§ **Available data**
......

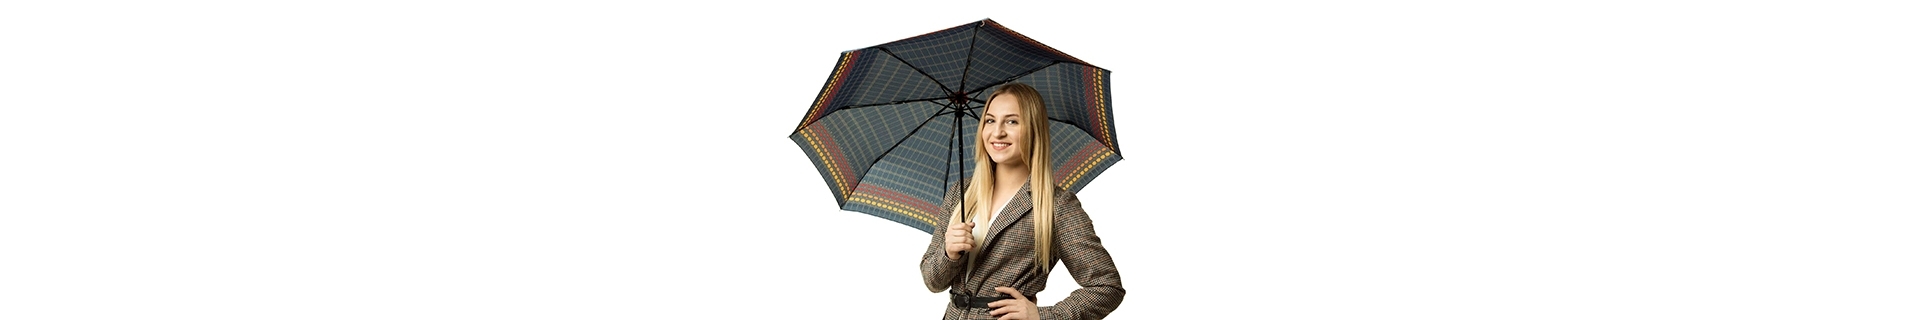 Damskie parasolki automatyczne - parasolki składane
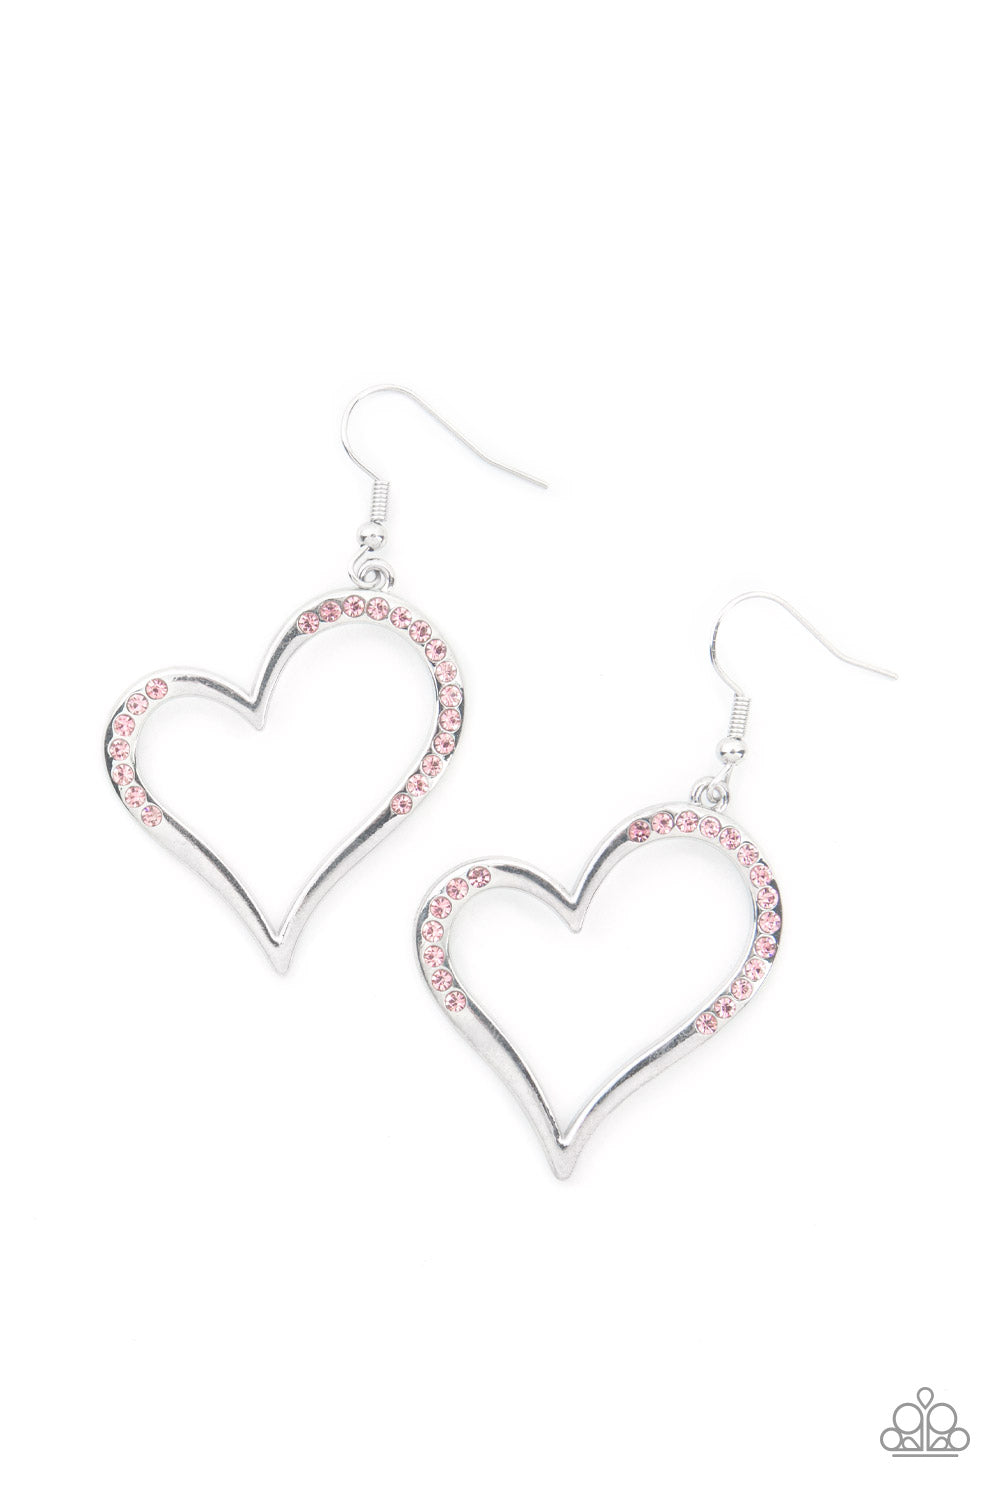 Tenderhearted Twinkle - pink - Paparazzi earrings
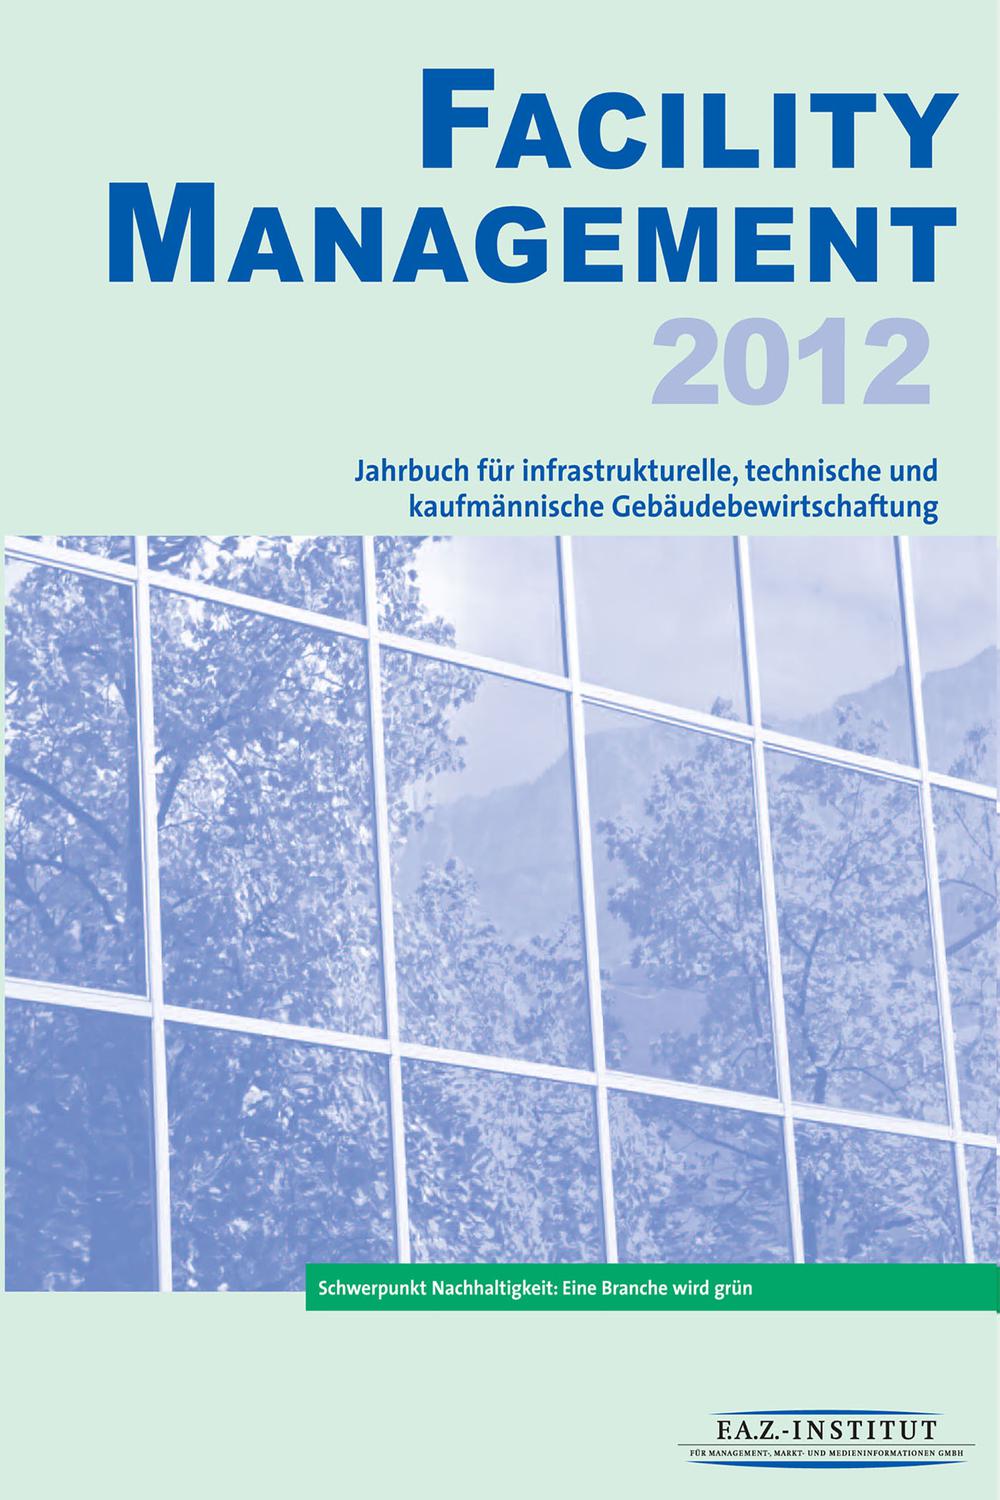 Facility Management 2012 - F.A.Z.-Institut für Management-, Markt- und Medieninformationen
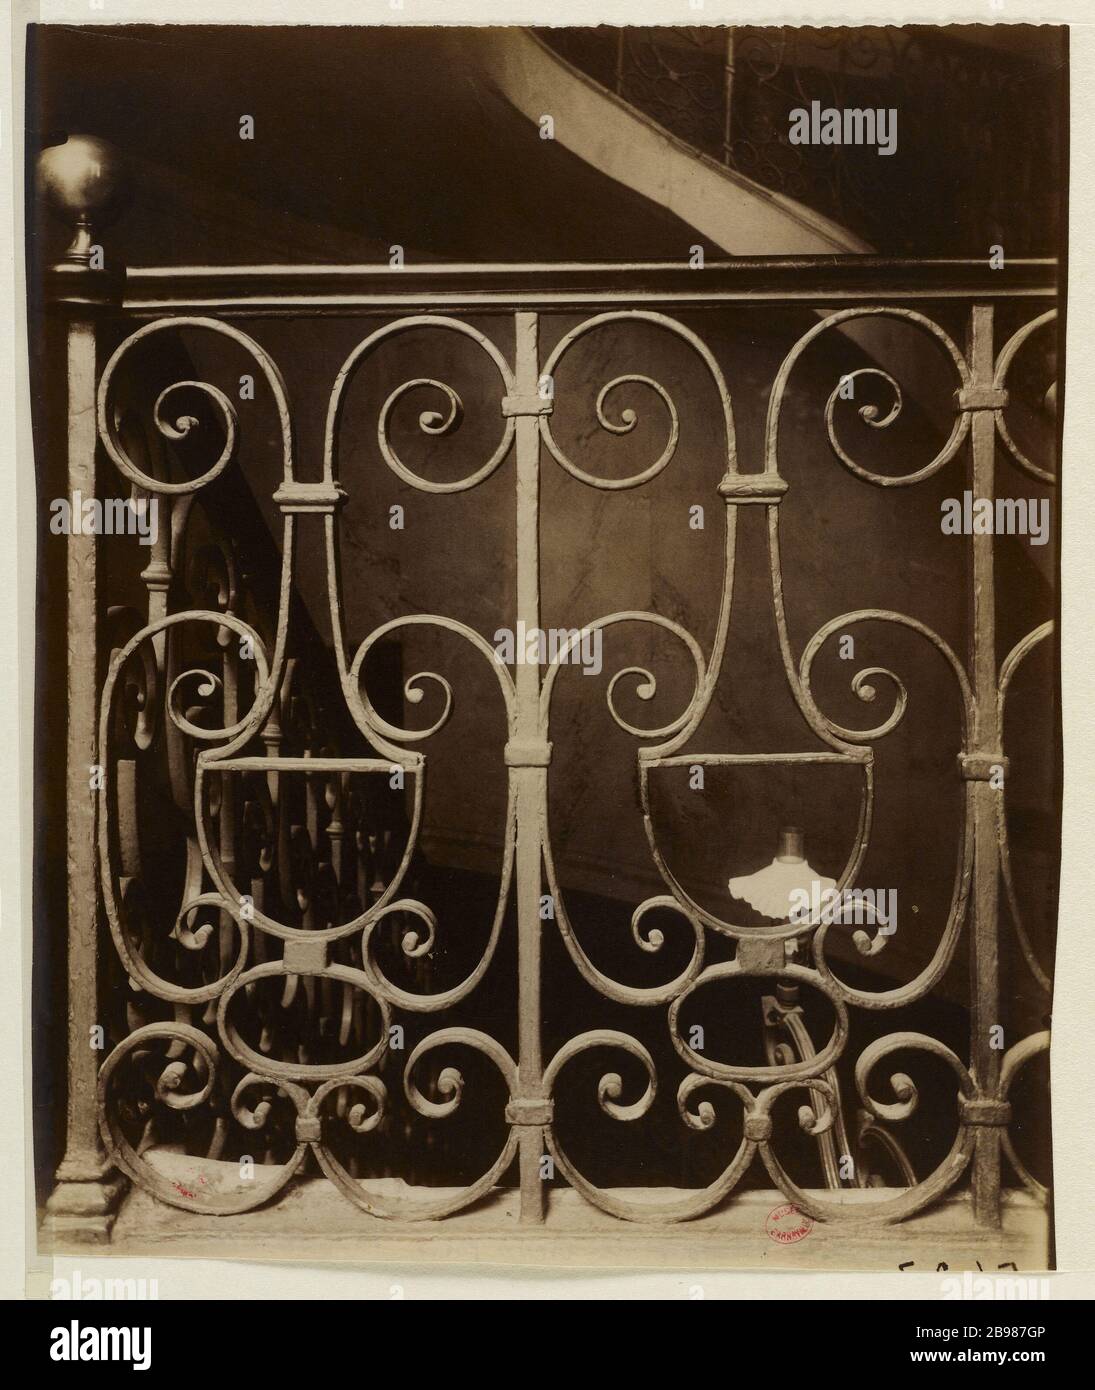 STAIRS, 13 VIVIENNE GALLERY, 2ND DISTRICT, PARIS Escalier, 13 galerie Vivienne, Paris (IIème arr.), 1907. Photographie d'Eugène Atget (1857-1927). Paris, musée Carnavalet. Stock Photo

......

§ **Aim of the exercise**
Only the pictures are to be left out, and all of the data must otherwise be transcribed exactly.

§ **Exercise answer**
 Damskie parasolki automatyczne - parasolki składane
 Tenderhearted Twinkle - pink - Paparazzi earrings
 Facility Management 2012 - F.A.Z.-Institut für Management-, Markt- und Medieninformationen
 STAIRS, 13 VIVIENNE GALLERY, 2ND DISTRICT, PARIS Escalier, 13 galerie Vivienne, Paris (IIème arr.), 1907. Photographie d'Eugène Atget (1857-1927). Paris, musée Carnavalet. Stock Photo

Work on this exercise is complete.